Evidential Value of Unsworn Evidence

  1. The evidential value of the unsworn evidence of a child can be found in section 209(3) of the Evidence Act which states that, “A person shall not be liable to be convicted for an offence unless the testimony admitted by virtue of subsection (1) of this section and given on behalf of the prosecution is corroborated by some other material evidence in support thereof implicating the defendant.” Therefore, the law remains unchanged that the unsworn evidence of a child cannot support the conviction of a defendant for any offence without corroboration.
  2. Finally, it must be noted that the evidence of a child under 14 years of age wrongly admitted on oath is not altogether inadmissible but it will be treated as unsworn evidence which must be corroborated before it can be acted upon. In Okon v The State,[7] Nnaemeka-Agu JSC said,

“From all these decisions, it appears to me to be the law that where, as in this case, an irregularity has occurred in the taking of the  evidence of a child, the correct approach to such evidence is not expunge it but to see whether it has been corroborated by other  evidence implicating the defendant.”

Conclusion

  1. The Evidence Act 2011 has abolished the oaths test and there is no longer a duty on trial courts to determine whether or not a child understands the nature of an oath. After 2011, a child who is 14 years old is deemed to understand the nature of an oath and permitted to give sworn evidence while all other children under 14 years of age can only give unsworn evidence.

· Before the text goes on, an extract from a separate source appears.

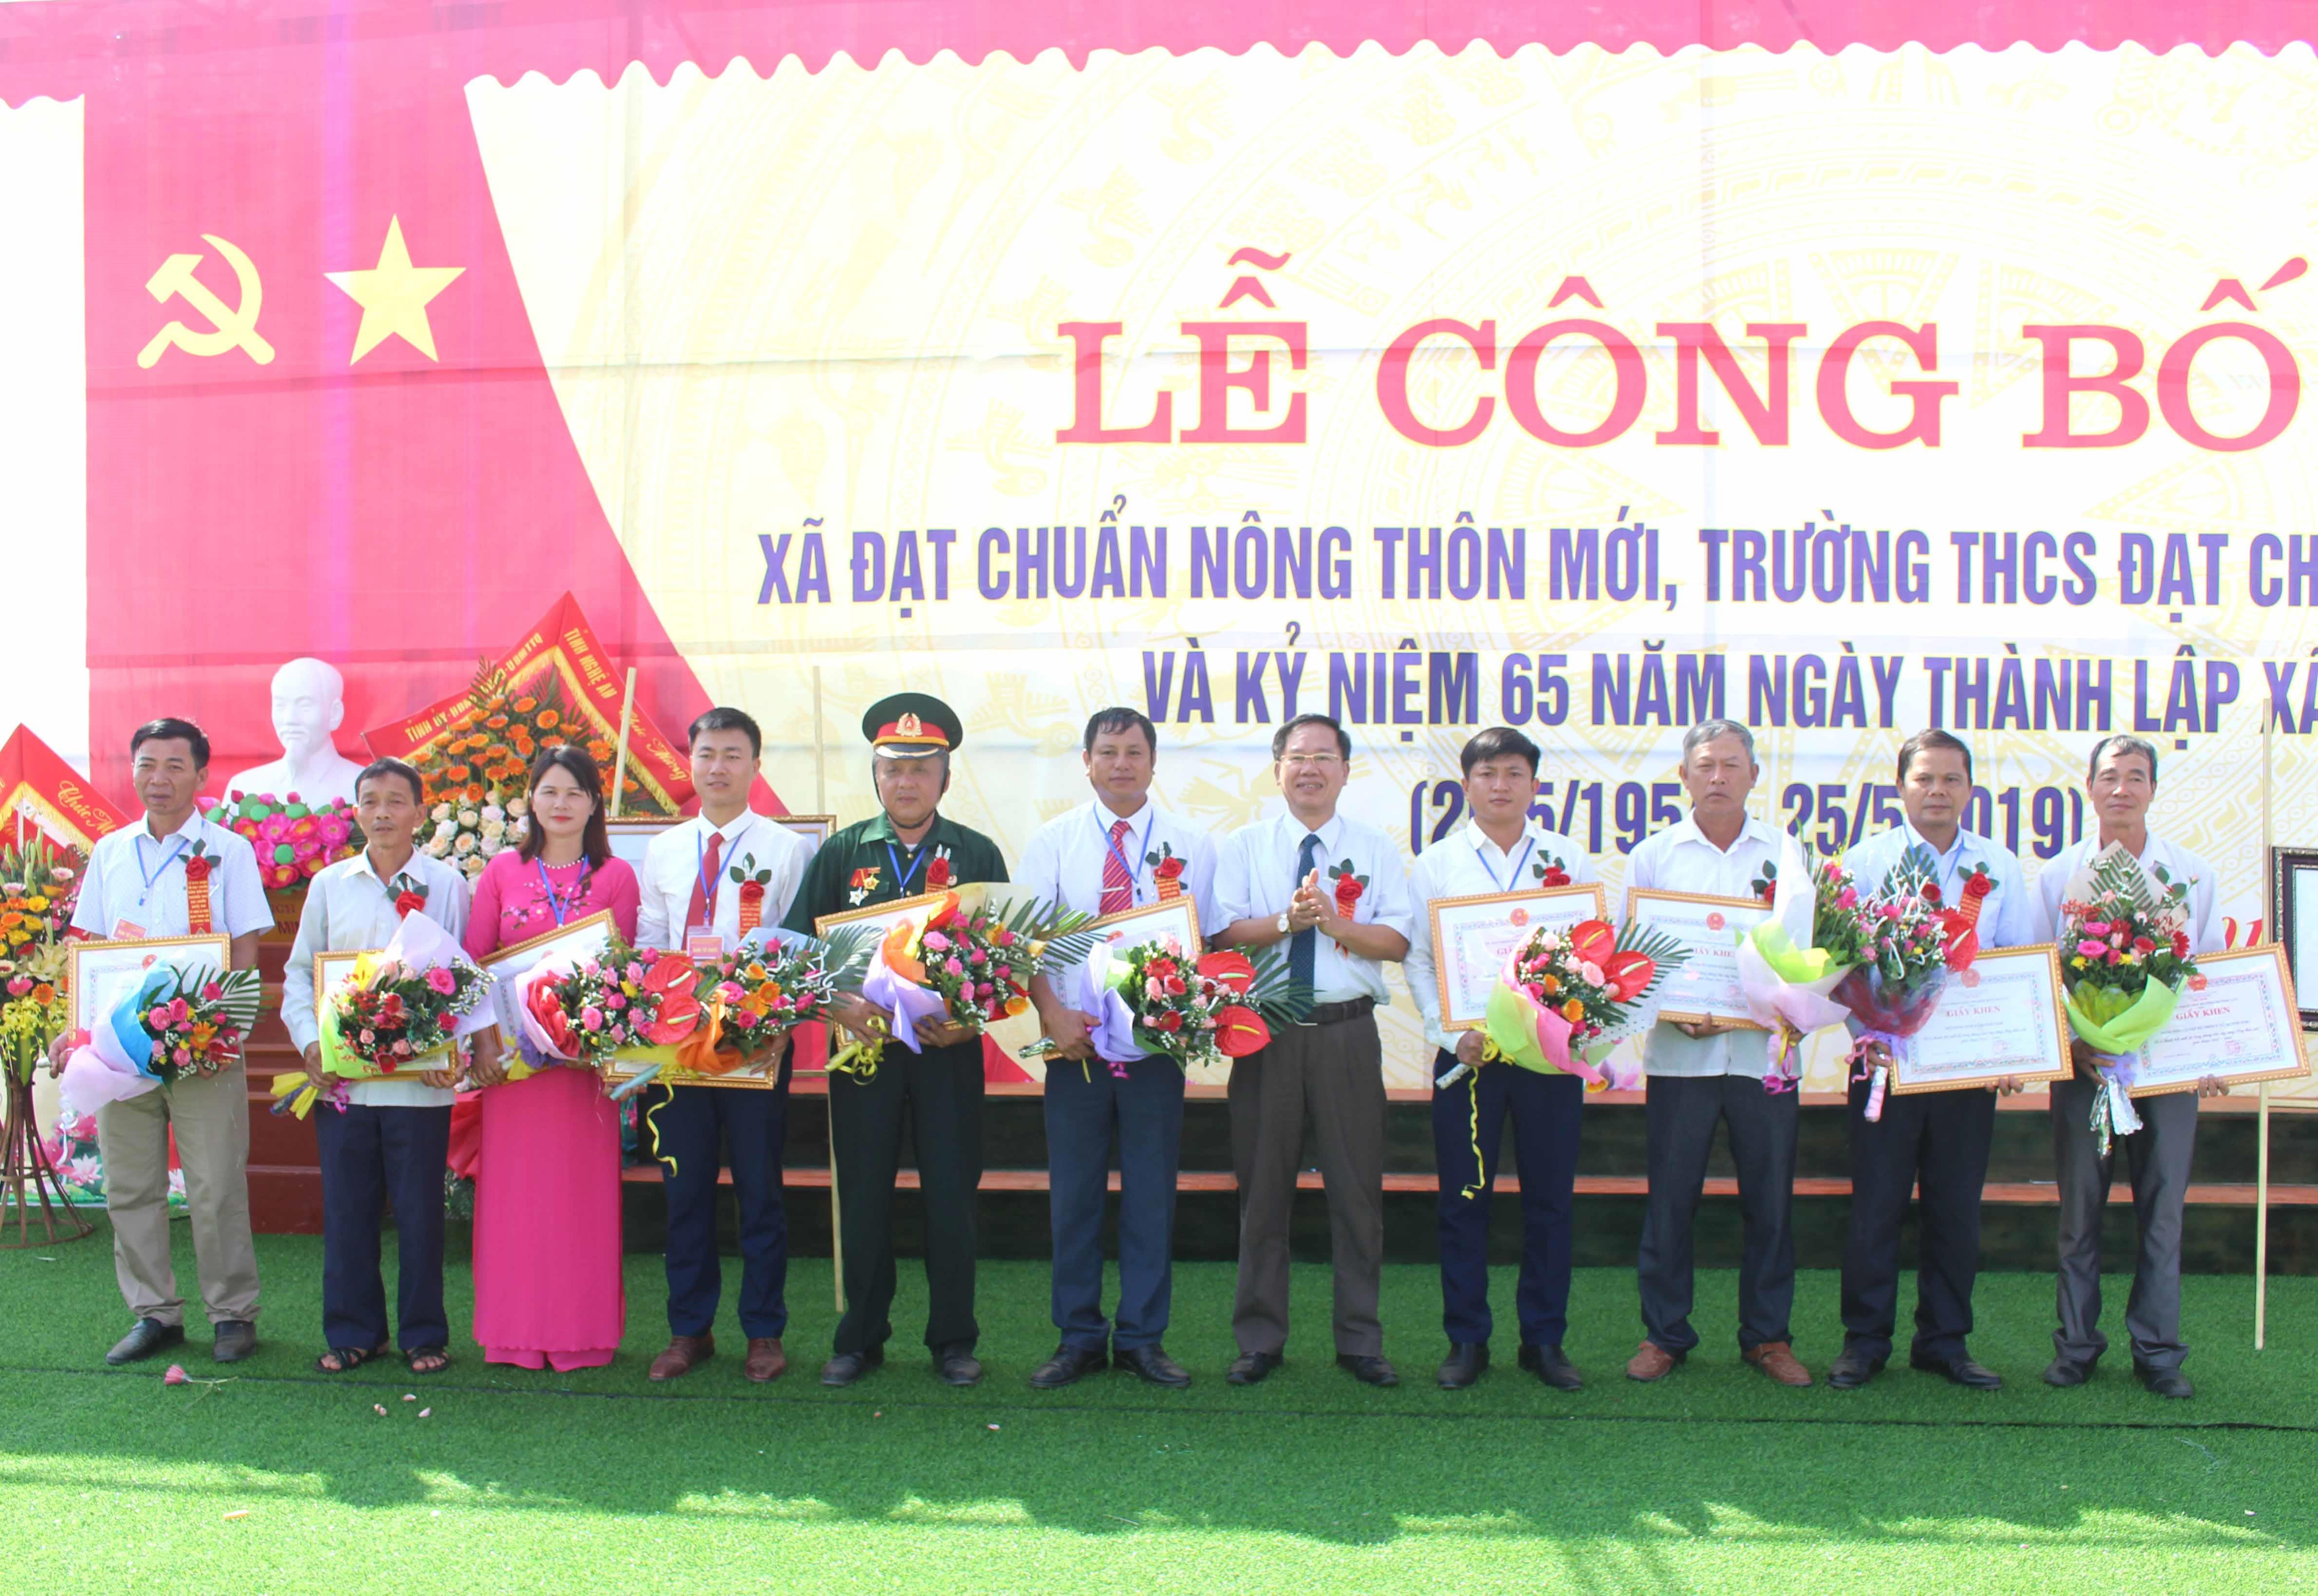 Huyện Quỳnh Lưu trao giấy khen cho các cá nhân, tập thể của xã Quỳnh Tam có thành tích xuất sắc trong phong trào xây dựng NTM giai đoạn 2012 – 2020. Ảnh: Hồng Diện
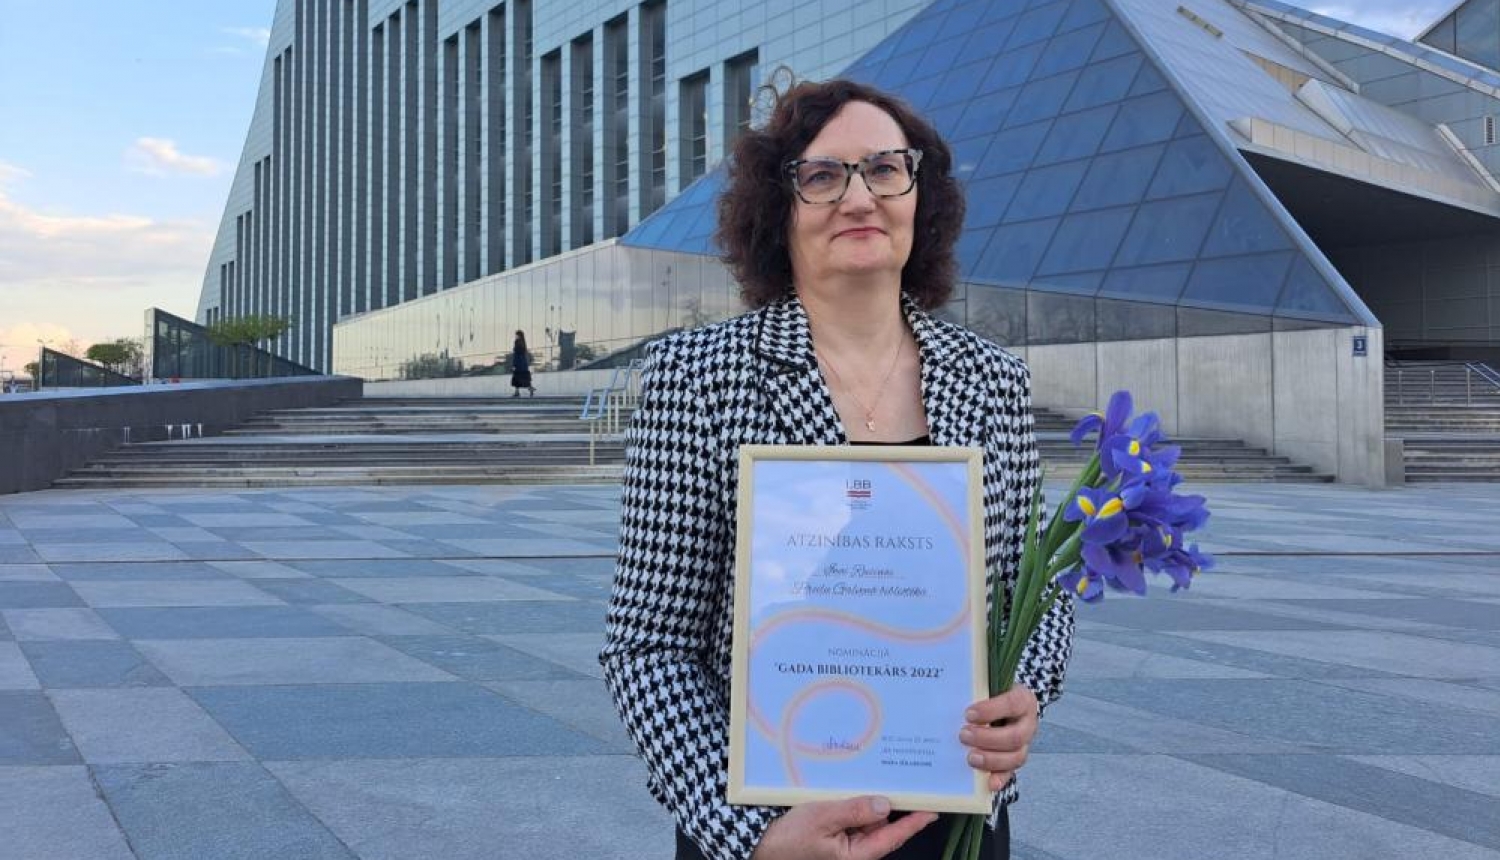 Ina Rusiņa saņem Latvijas Bibliotekāru biedrības balvu “Gada bibliotekārs 2022”

[1] Arebamen v The State (1972) NSCC 194,

[2] (1988) ANLR 173 at 181.  See also, Okoye v The State (1972) ANLR 938,

 

[3] (1988) ANLR 173 at 186

[4] (1990) NWLR (pt.145) 484 at 498.  See also, Sambo v The State (1993) NWLR (pt.300) 399 at 421, Okoye v The State (1972) ANLR 938 at 943, Onyegbu v The State (1995) NWLR (pt.391) 510 at 529,

[5] (2006) NWLR (pt.980) 637.

[6] (1993) NWLR (pt.300) 399 at 421. See also, Peters v The State (1997) NWLR (pt.531) 1.

 

[7] (1988) ANLR 173 at 182.  See also, Onyegbu v The State (1995) NWLR (pt.391) 510, Mbele v The State (1988) NWLR (pt.145) 484 at 499, Siwobi v COP (1997) NWLR (pt.482) 411, Sambo v The State (1993) NWLR (pt.300) 399 at 419, Okoyomon v The State (1973) NSCC 9, Ogunsi v The State (1994) NWLR (pt.322) 583 at 590, Solola v The State (2005) NWLR (Pt.937) 460.